In any event, I am sufficiently happy with sGA that I will be computing it for past and future
goaltending performances and quoting it on the site. The future work I mention here will take a long
time and I welcome the assistance of those who are interested in accelerating that progress.
2016-2017 Results
The graph below shows the raw goals per hundred unblocked shots and the sGA for all goalies who
played in at least fifteen regular season games in 2016-2017.

Goalies who appear above the red line would have posted better results had they faced a league-average
shot profile instead of the profile they did face; and those below would have posted worse. The players are coloured by their teams; goalies
who played for multiple teams are shown in white.
Appendix: Transition Imputation
These are the details of how I took the NHL play-by-play and coerced what is written there into
transitions for my model. First of all: no transitions were considered when the goalie under
consideration was not in the net, no matter what the play-by-play events. That said, there are two
stages of model design, one is encoding of states:
- If a team took a shot on the goalie of interest that was scored, saved, or missed, that was
recorded as a "Shot" in my sense. A blocked shot was recorded as "Attackers have the puck"
but not as a shot.
- Events labelled "GOALIE STOPPED" in the play-by-play are recorded as "Freeze". (Note the
imputation about transitions to freezes below though)

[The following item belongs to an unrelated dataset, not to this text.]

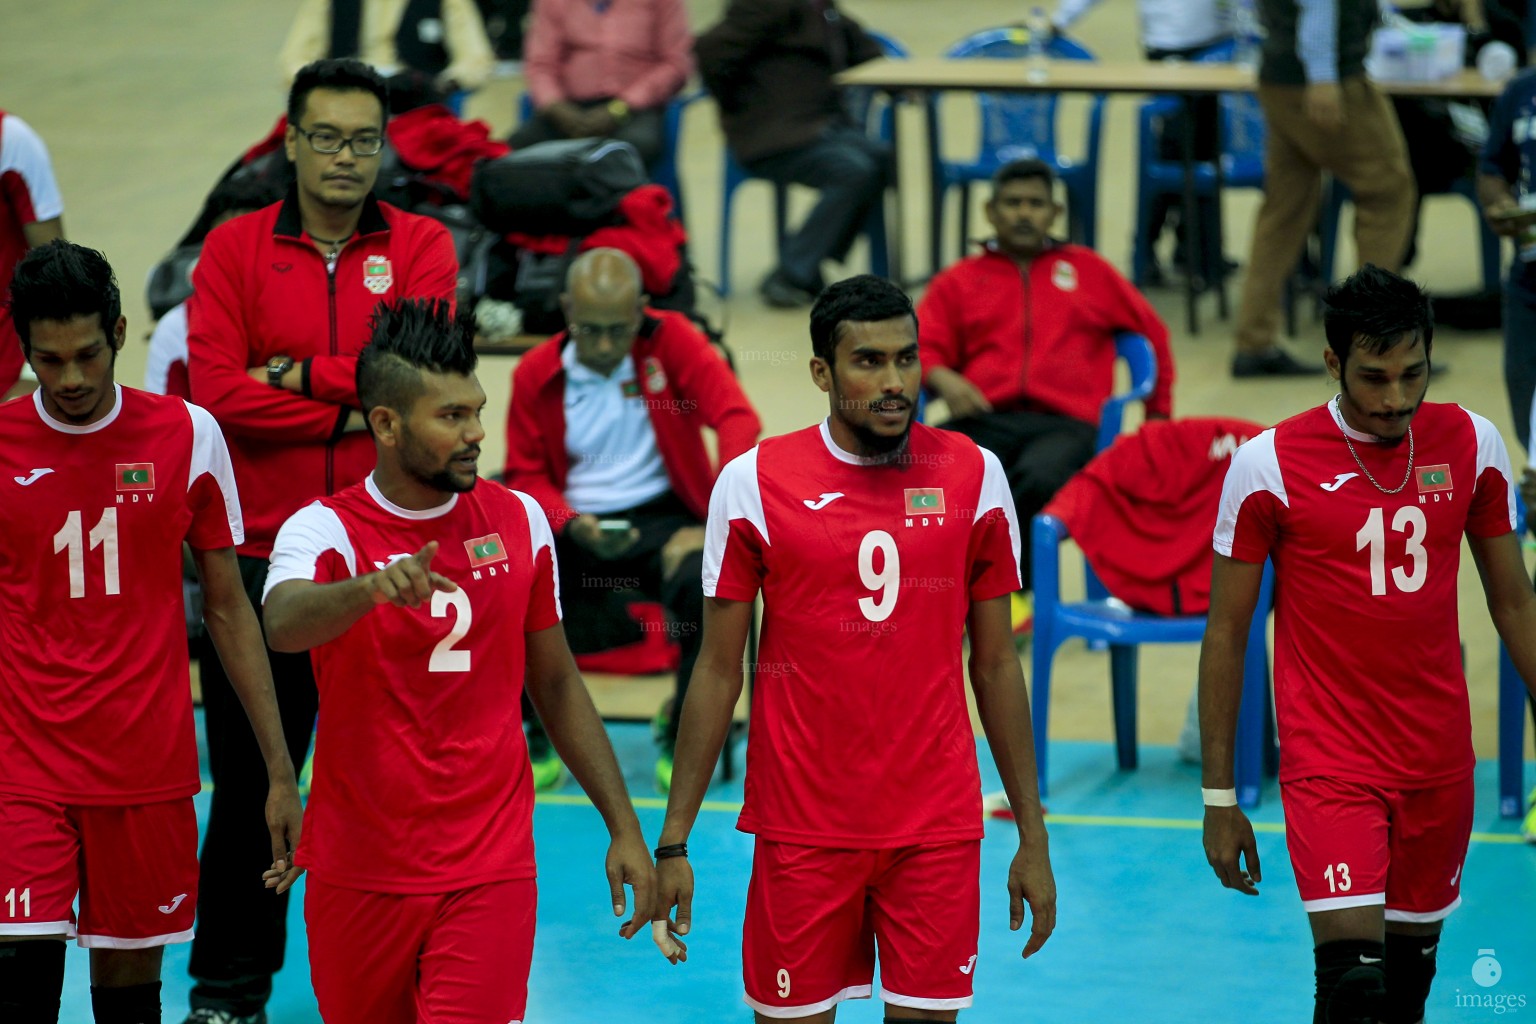 Maldives vs Pakistan in the volleyball event of the South Asian Games in Guwahati, India, Friday, February 5, 2016. (Images.mv Photo: Mohamed Ahsan)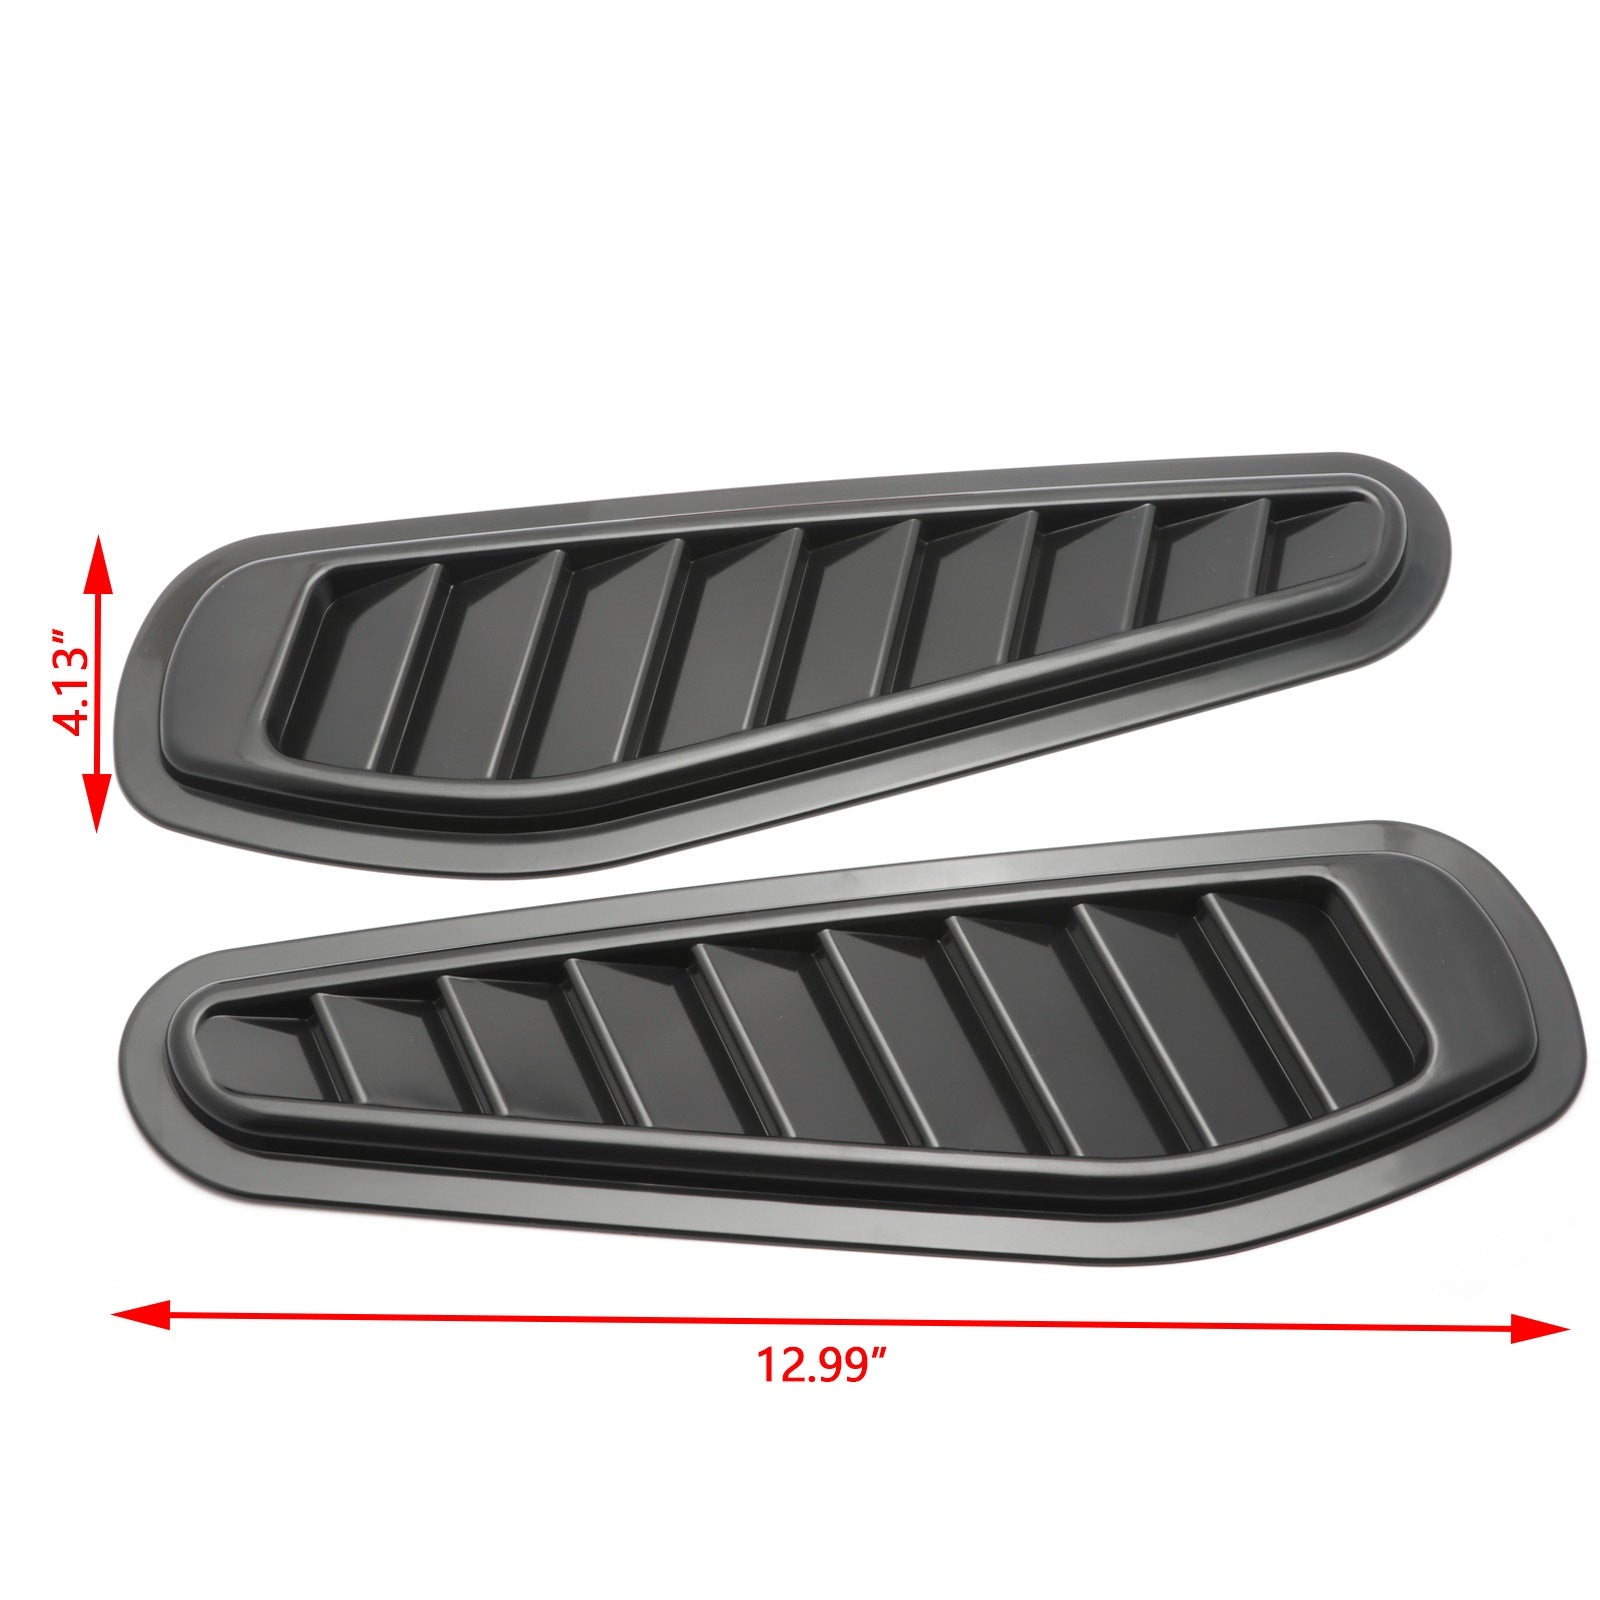 Matte Black ABS Car Headlight Intake Duct Scoop Bonnet Hood Vent Louver  Cooling Panel Trim Set 17x5 Inches 206Y From Ai810, $17.69

- Faceoffs are coerced into either "Defenders have the puck" or "Attackers have the puck" depending
on who wins them.
- Hits are labelled as transitions from "Attackers" or "Defenders", depending on who was hit,
to "Contested".
- Giveaways and takeways are coded as transitions from "Attackers" to "Contested" to "Defenders",
or inversely depending on who began and ended the play with the puck.
- Icings were coded as "Defenders have the puck" but were not coded as "puck to safety"
since play resumes in the defensive zone in almost all such cases.
- Everything else was recorded in the obvious way.
Once all of the states are encoded in this way some additionals states are imputed, with accompanying
transitions:
- When "Shot" appears followed by "Attackers" or "Defenders", a transition through "Contested"
is imputed.
- When "Shot" or "Attackers" is followed by "Safe", transitions through "Contested" and then
"Defendes" are imputed.
- When "Attackers" or "Defenders" is followed immediately by "Freeze", the freeze is replaced
with a "Contested", since I only want to consider goalies freezing the puck from Shots
and not all faceoffs.
- When "Defenders" is followed by "Shot", I insert transitions through "Contested" and then
"Attackers".
- When "Defenders" is followed by "Attackers", or vice versa, I insert a transition through "Contested".